A recently discovered distributed denial of service technique that abuses the Web Services Dynamic Discovery specification is being executed in the wild by multiple threat actors to amplify the effects of their attacks, researchers have warned.
The technique is a User Datagram Protocol (UDP) Amplification technique that involves spoofing requests to the WS-Discovery service. WS-Discovery is a specification designed to facilitate the discovery and connectivity of devices and services on a local network.

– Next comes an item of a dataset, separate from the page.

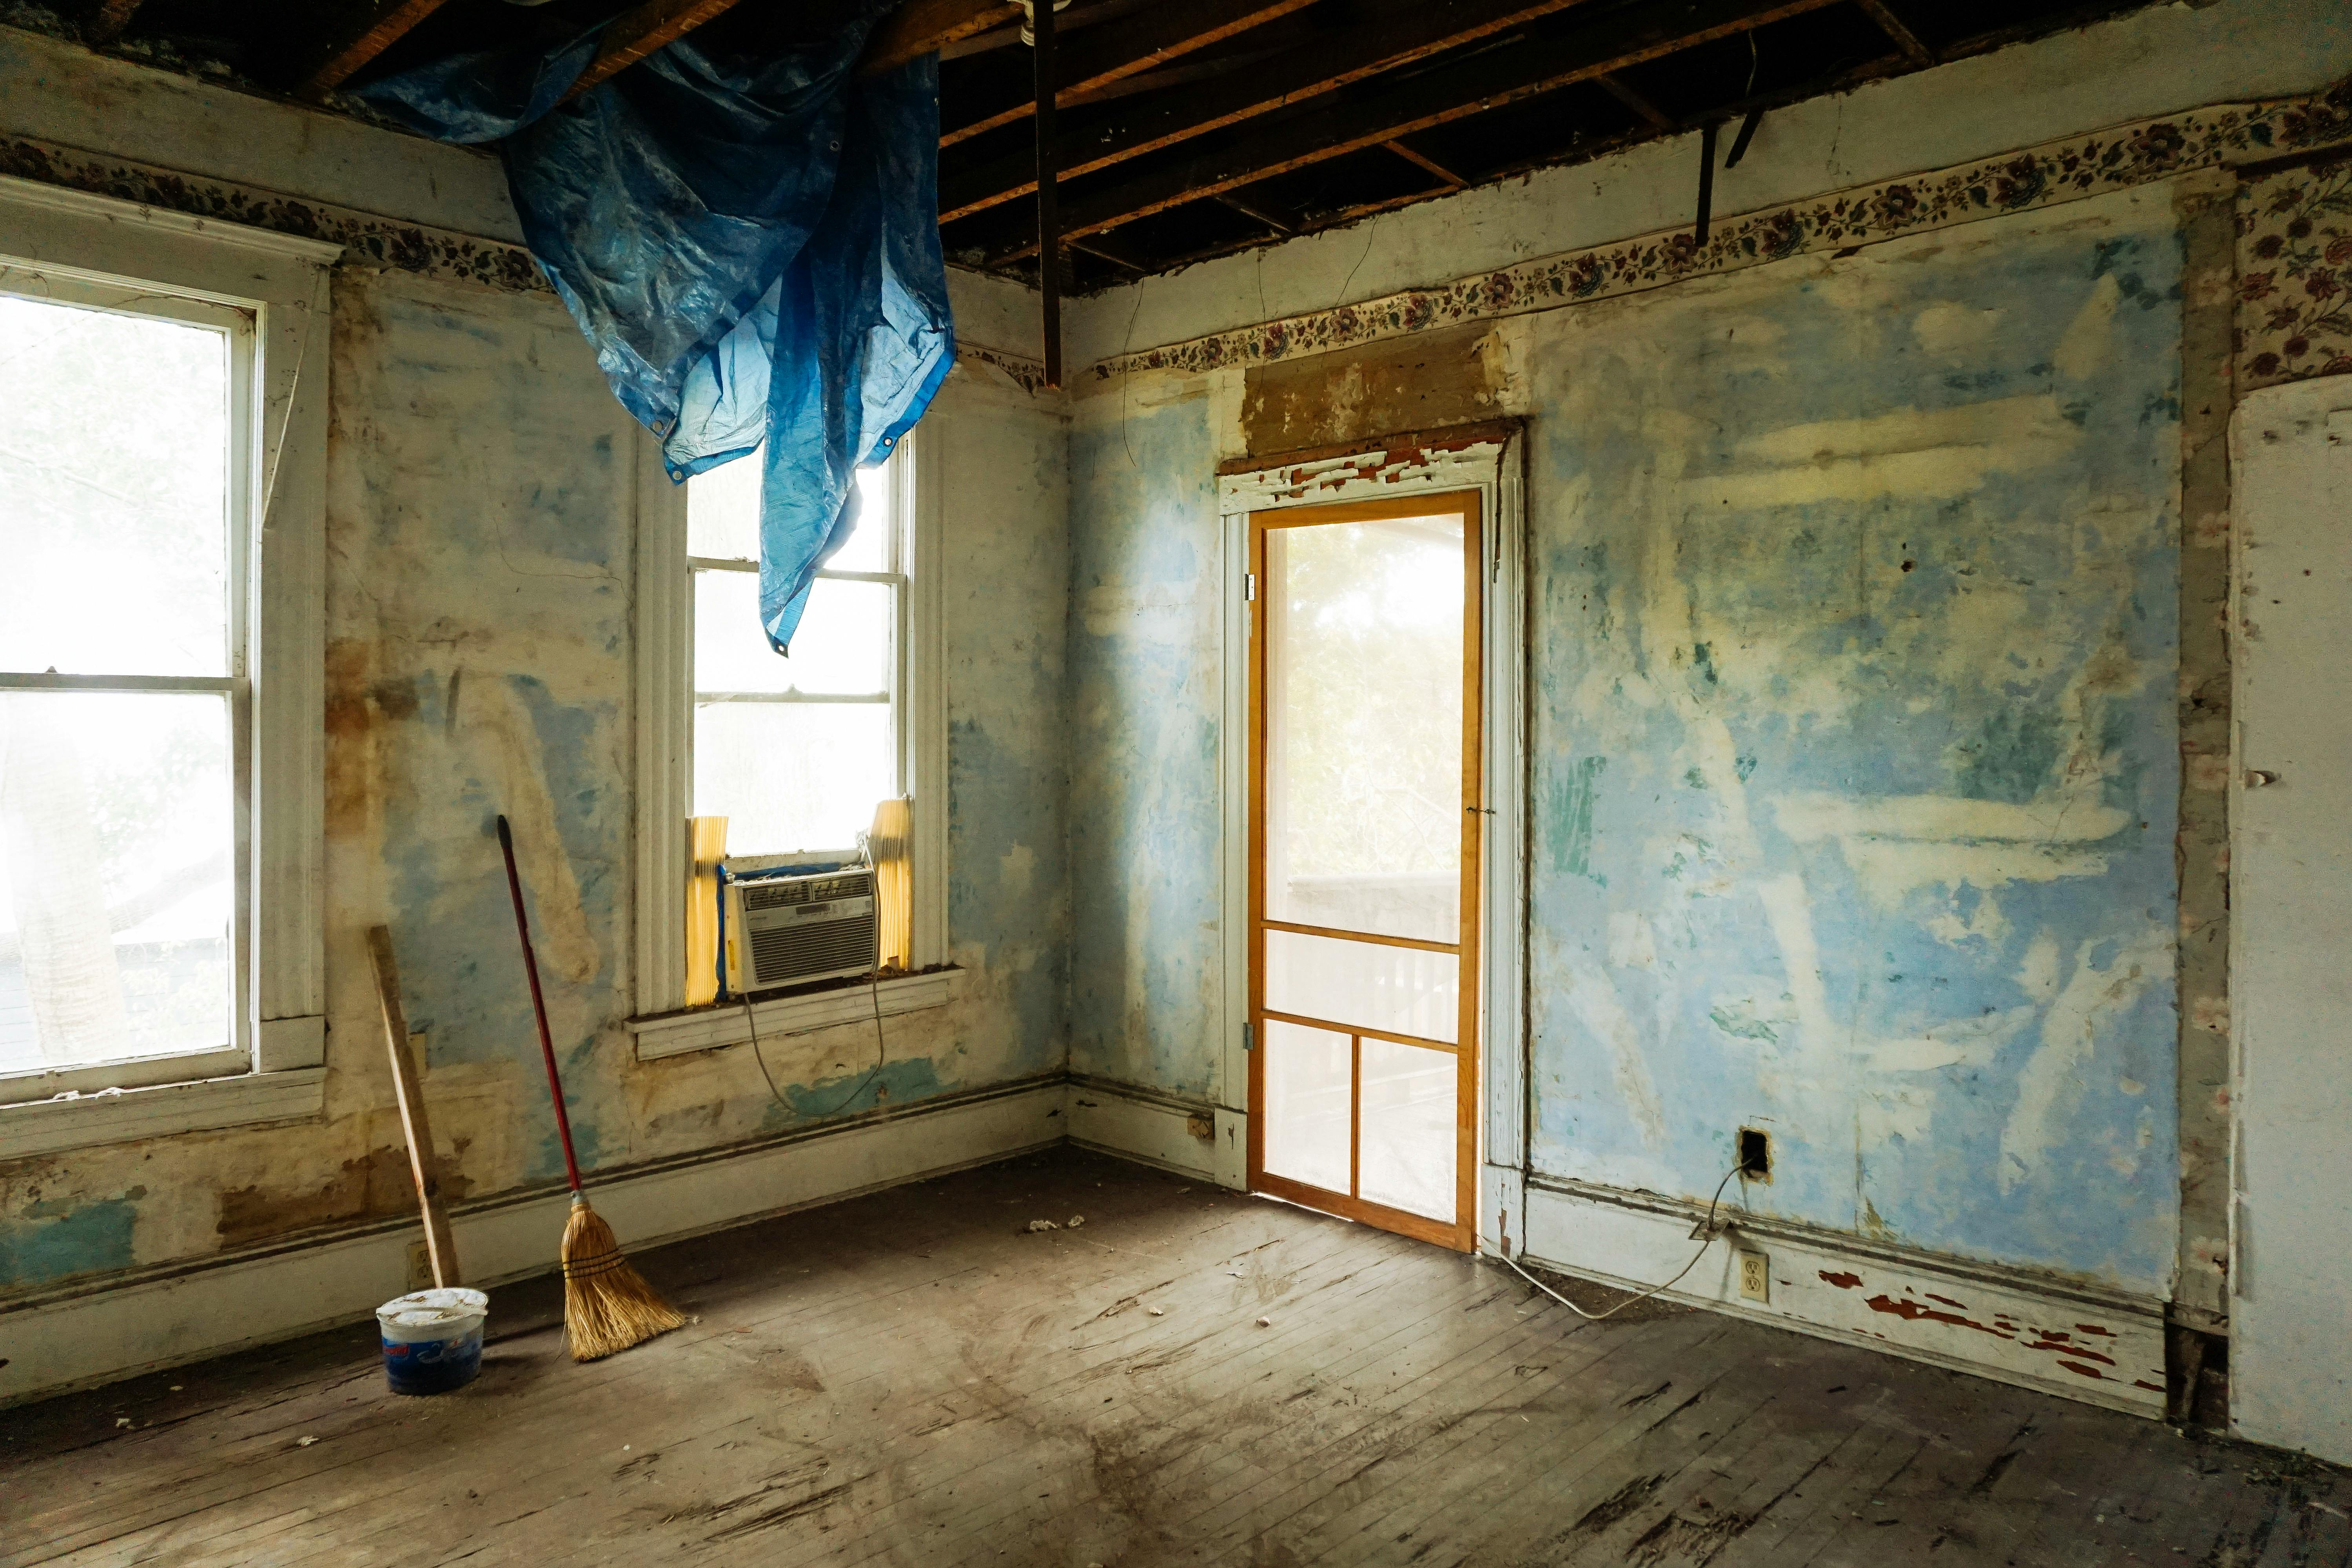 A room under construction | Source: Pexels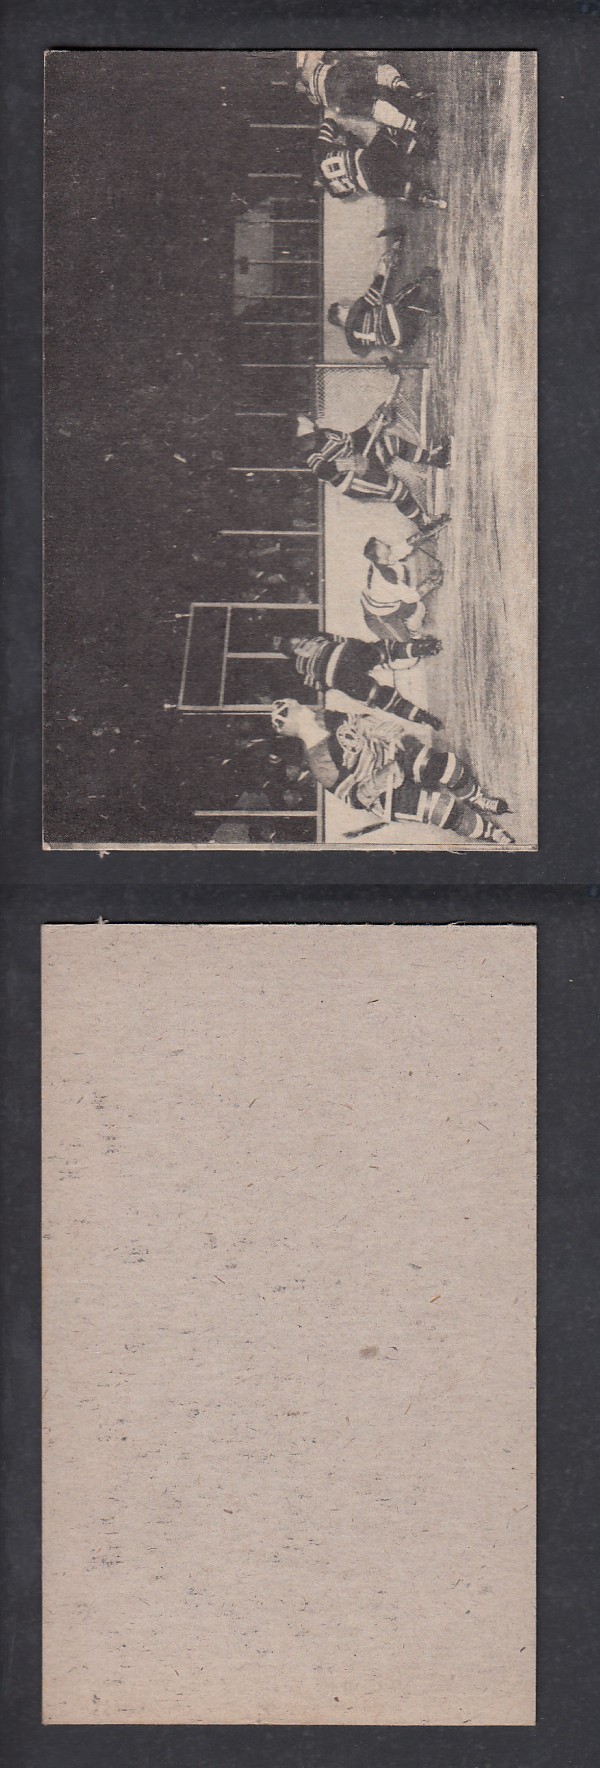 1948-52 EXHIBITS HOCKEY CARD 5 GEOFFRION photo

A spoofing attack leveraging this protocol causes a targeted internet-based server to send an overwhelming number of responses, using up its bandwidth, explains researchers at Akamai Technologies in a blog post yesterday. Akamai recently detected such an attack against one of its own clients in the gaming industry, states blog author Jonathan Respeto, security intelligence response team engineer at Akamai.
Akamai’s SIRT team has determined that WS-Discovery DDoS attacks can generate amplification rates reaching 15,300 percent of the original byte site, giving it the fourth highest reflected amplification factor among all varieties of DDoS attacks. The attack against the gaming company reached a peak bandwidth of 35/Gbps, Respeto notes.
WS-Discovery’s role in DDoS attacks was originally disclosed back in August by ZDNet, which at the time reported that in-the-wild attacks exploiting this vector have been taking place as far back as May 2019. Citing internet search engine BinaryEdge, the report at the time said that almost 630,000 devices were confirmed to support the protocol and were therefore vulnerable. Susceptible devices include IP cameras, home appliances, printers, CCTV systems and DVRs, according to the ZDNet and Akamai reports.